D. YOUNG: There's a lot of ambivalence there because I do appreciate some of the redevelopments that have gone on. This was the area I grew up in, and I remember when it was a very high-crime area. I remember when the Bloods and the Crips converged in East Liberty and there would be shootings, drive-bys. And now you have all these redevelopments. You have restaurants. You have all of this money just pouring in and people who wouldn't have been caught dead in East Liberty 20 years ago, you know, walking their dogs and riding their bikes and doing CrossFit in the streets and stuff like that, so -

MARTIN: So what's not to like?

D. YOUNG: (Laughter) Well, the part that's not to like is the displacement, the fact that a lot of people who grew up there, who had homes here there have been either been forced to move or have been priced out. And there are people who just don't feel as welcome in East Liberty anymore, and these are primarily people of color, black people.

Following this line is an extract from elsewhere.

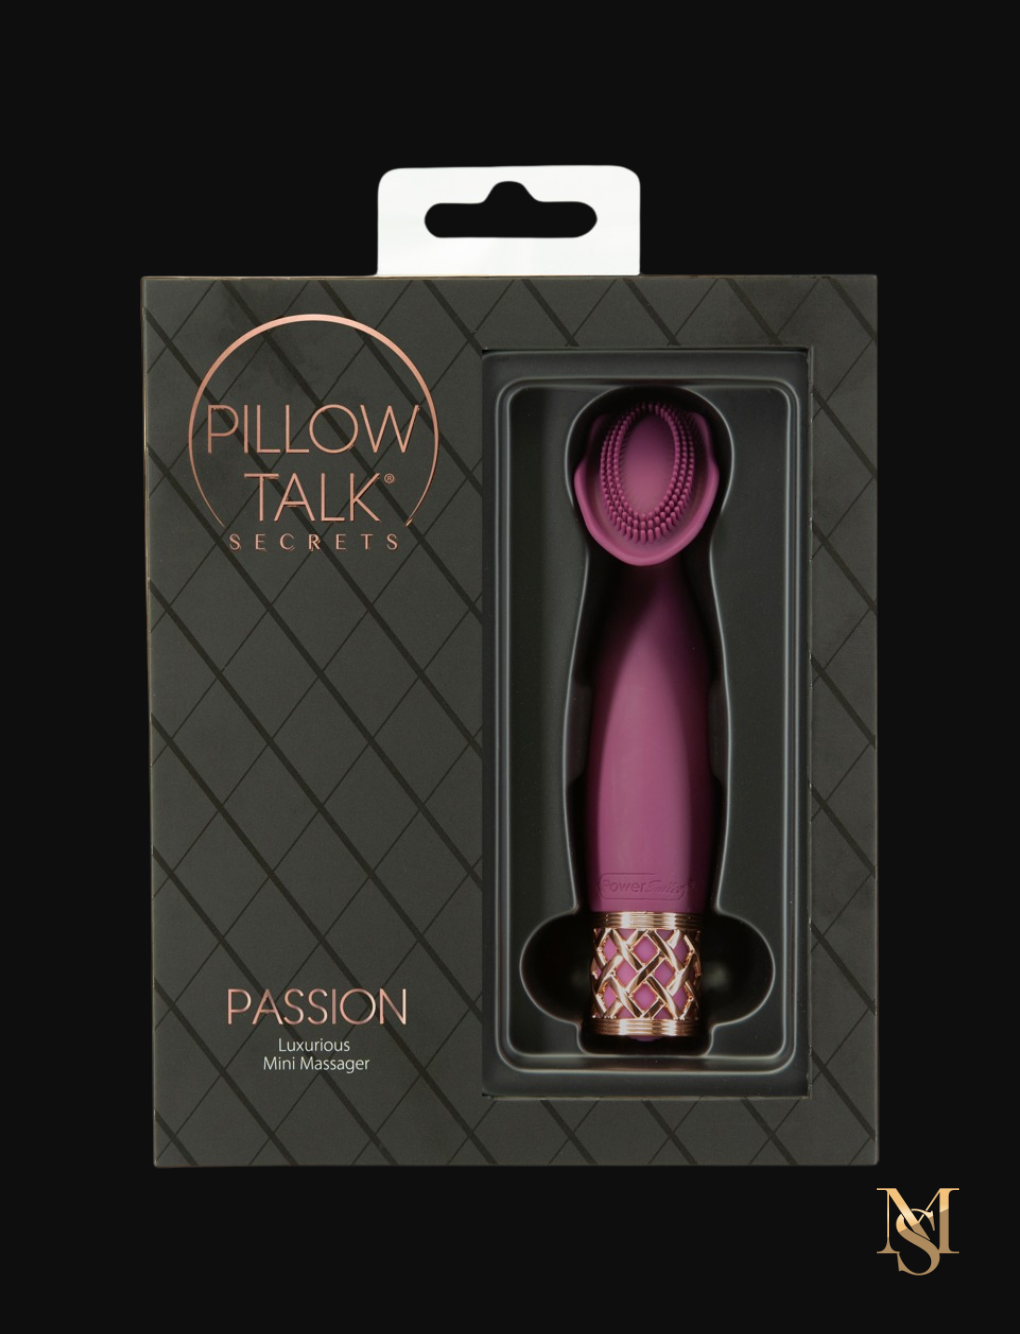 Pillow Talk Passion
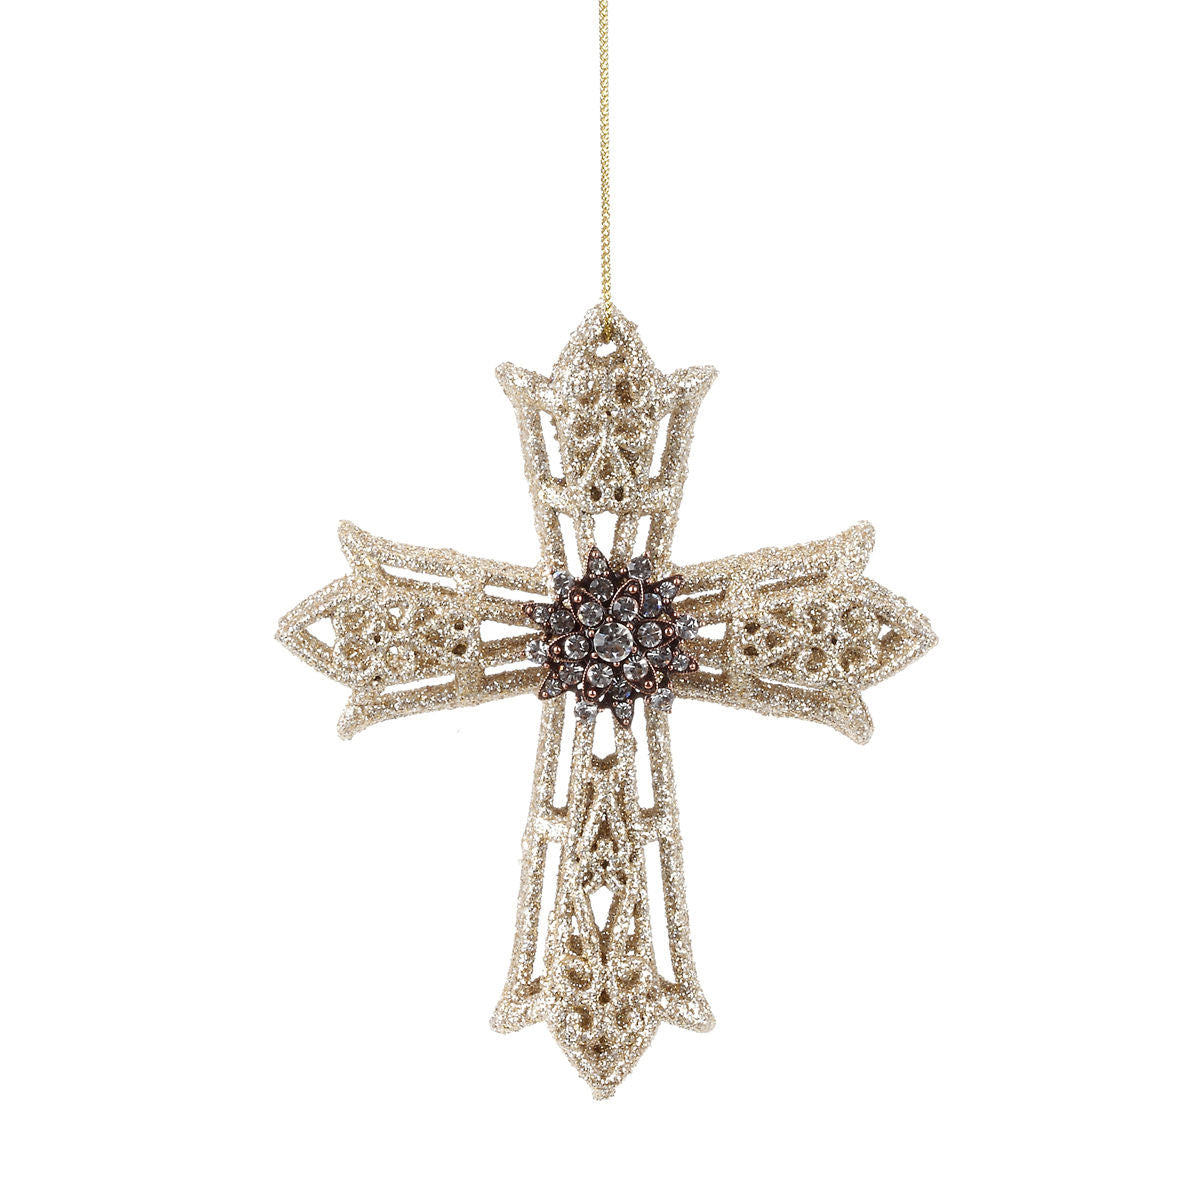 Ornate Glitter Cross Ornament

MARTIN: You actually wrote a piece about your barber, "A Eulogy For Andre Fleming (My Old Barber); And For East Liberty (My Old Home)."

D. YOUNG: I - about a year ago I actually stopped going to that barber because he was a good friend and he was a decent barber, (laughter) but sometimes, you know, I'd go home and my wife would look at my hair line and be like, your barber, did he have a seizure while he was cutting your hair(laughter)? What happened? And Dre - my barber's name - very often, he would get distracted. He would run across the street and go play the number or he would go get some Cheetos, and so I stopped going to him. And now that shop no longer exists. If you walked past it right now, it's just an empty storefront. And I hate to say that that's, like, some type of analogy for what's going on in a larger sense in East Liberty and in Pittsburgh, but...

MARTIN: ...But it is though. I mean, it does encapsulate a lot because on the one hand - let's just tell the truth. Maybe the service wasn't as tight as it should have been. On the other hand, it was comfortable. It was home.

D. YOUNG: Yeah.

MARTIN: And so there's a struggle, right?

D. YOUNG: Yeah. It was home. It was one - it was an institution. When you lose those types of businesses, then you do lose a bit of what made East Liberty East Liberty, what made it home for people.

MARTIN: All right, well, we have to leave it there for now. Damon Young is a blogger. He's one of the founders of "Very Smart Brothas," a popular blog. Weeb Young is his dad, and they both joined us today from the studios at WESA in Pittsburgh. Thank you so much for speaking with us, both of you.

D. YOUNG: Oh, no problem, thanks for having us.